Here is another application of the Definition 2.2.2 of the average value of a function on an interval. The following theorem can be thought of as an analogue of the mean value theorem (which was covered in your differential calculus class) but for integrals. The theorem says that a continuous function $f(x)$ must be exactly equal to its average value for some $x\text{.}$ For example, if you went for a drive along the $x$-axis and you were at $x(a)$ at time $a$ and at $x(b)$ at time $b\text{,}$ then your velocity $x'(t)$ had to be exactly your average velocity $\frac{x(b)-x(a)}{b-a}$ at some time $t$ between $a$ and $b\text{.}$ In particular, if your average velocity was greater than the speed limit, you were definitely speeding at some point during the trip. This is, of course, no great surprise⁸.

Theorem 2.2.8. Mean Value Theorem for Integrals.
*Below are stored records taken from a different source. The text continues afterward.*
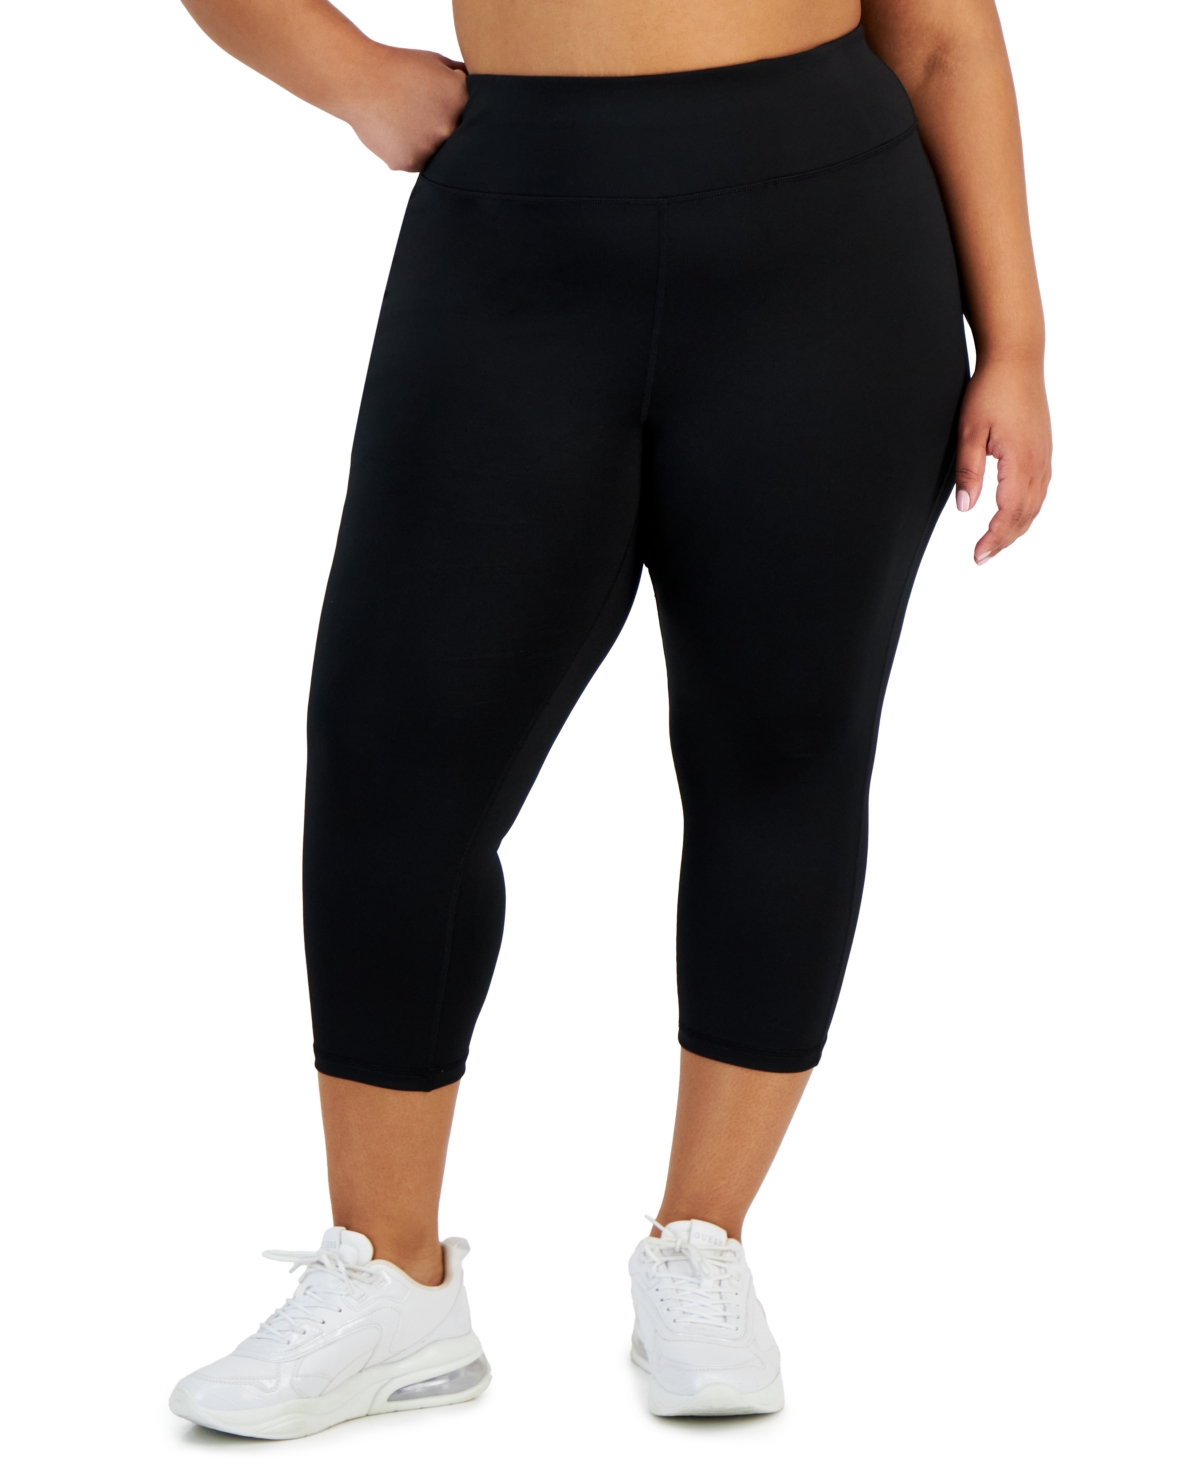 Plus Size Women's Solid 7/8 Cropped Leggings, Created for Macy's - Deep Black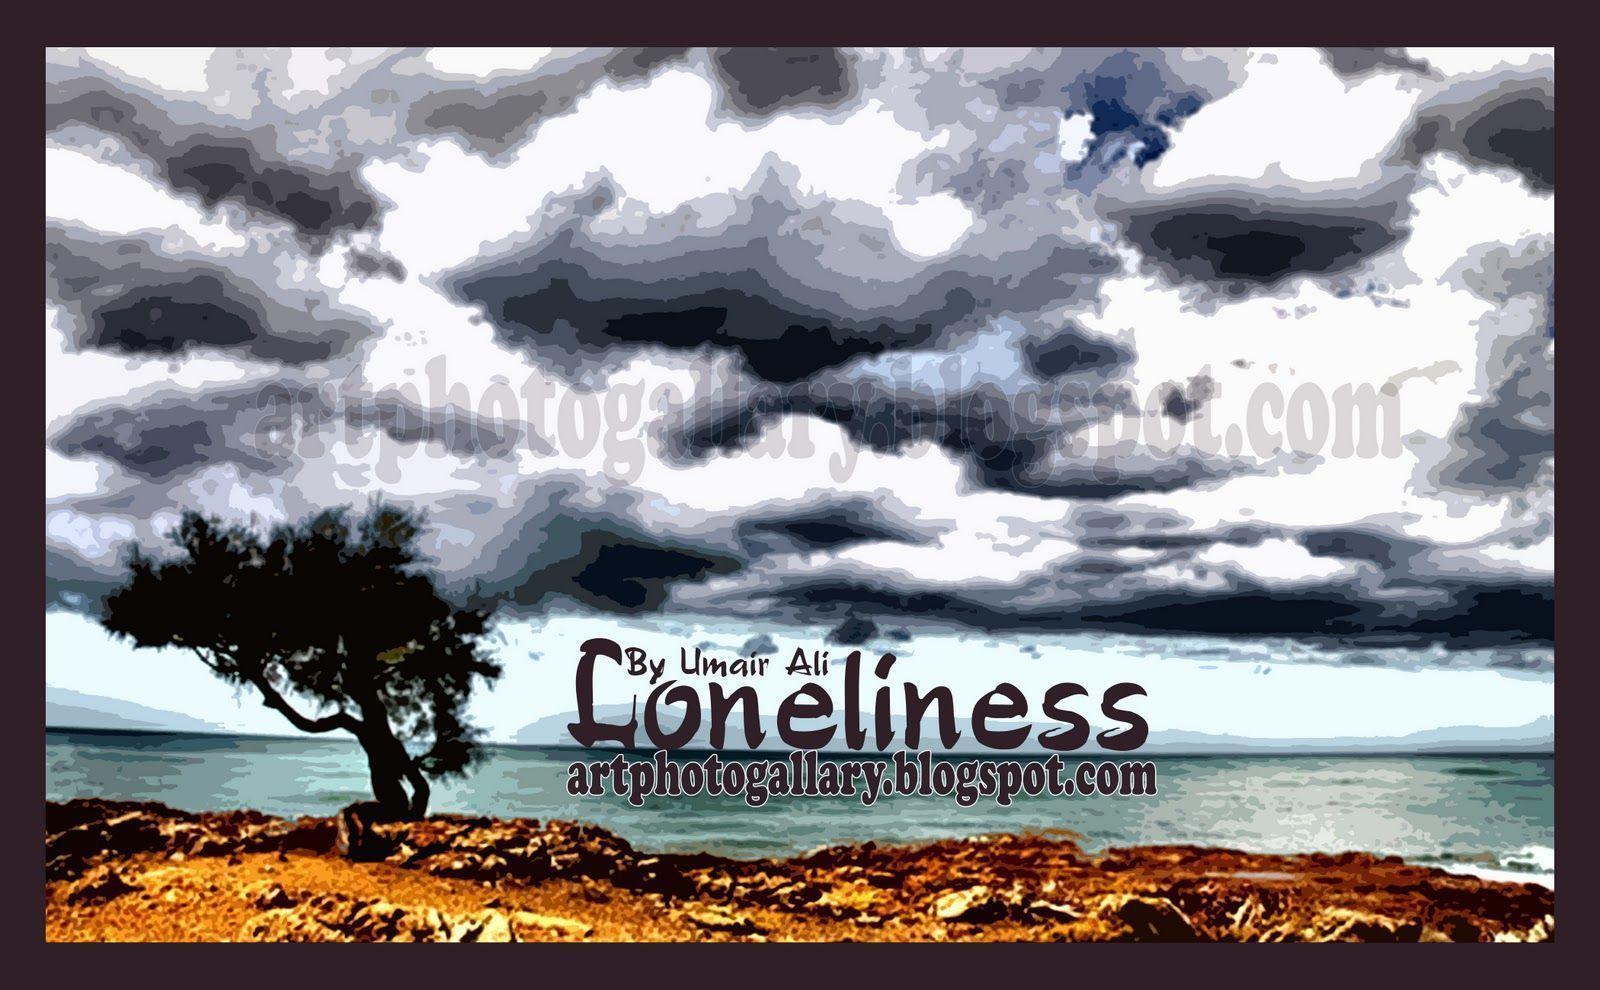 Loneliness Photo Gallery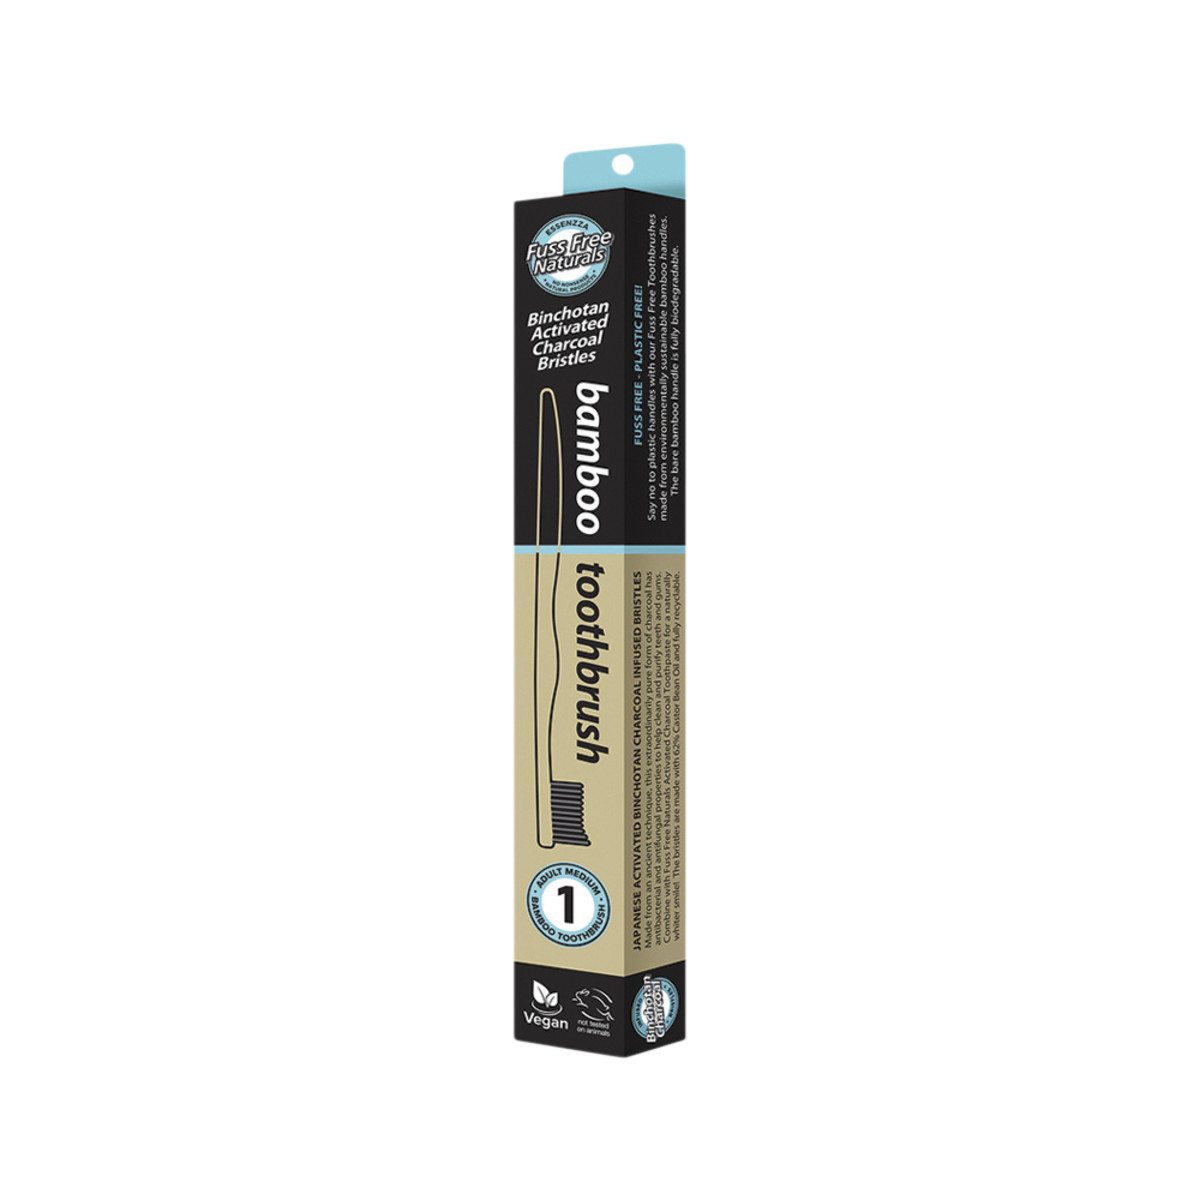 ESSENZZA FUSS FREE NATURALS - Toothbrush Bamboo Activated Charcoal Medium

Let $f(x)$ be a continuous function on the interval $a\le x\le b\text{.}$ Then there is some $c$ obeying $a\lt c \lt b$ such that

\begin{gather*} \frac{1}{b-a}\int_a^b f(x)\dee{x}=f(c) \qquad\text{or}\qquad \int_a^b f(x)\dee{x} = f(c)\,(b-a) \end{gather*}

Proof.

We will apply the mean value theorem (Theorem 2.13.4 in the CLP-1 text) to the function

\begin{equation*} F(x) = \int_a^x f(t)\,\dee{t} \end{equation*}

By the part 1 of the fundamental theorem of calculus (Theorem 1.3.1), $F'(x)=f(x)\text{,}$ so the mean value theorem says that there is a $a\lt c\lt b$ with

\begin{align*} f(c) &= F'(c) = \frac{F(b)-F(a)}{b-a} =\frac{1}{b-a}\left\{\int_a^b f(t)\,\dee{t}-\int_a^a f(t)\,\dee{t}\right\}\\ &=\frac{1}{b-a}\int_a^b f(x)\,\dee{x} \end{align*}

In the next section, we will encounter an application in which we want to take the average value of a function $f(x)\text{,}$ but in doing so we want some values of $x$ to count more than other values of $x\text{.}$ That is, we want to weight some $x$'s more than other $x$'s. To do so, we choose a “weight function” $w(x)\ge 0$ with $w(x)$ larger for more important $x$'s. Then we define the weighted average of $f$ as follows.

Definition 2.2.9.

Let $f(x)$ and $w(x)$ be integrable functions defined on the interval $a\le x\le b$ with $w(x)\ge 0$ for all $a\le x\le b$ and with $\int_a^b w(x)\,\dee{x}>0\text{.}$ The average value of $f$ on that interval, weighted by $w\text{,}$ is

\begin{equation*} \frac{\int_a^b f(x)\,w(x)\,\dee{x}}{\int_a^b w(x)\,\dee{x}} \end{equation*}

We typically refer to this simply as the weighted average of $f\text{.}$

Here are a few remarks concerning this definition.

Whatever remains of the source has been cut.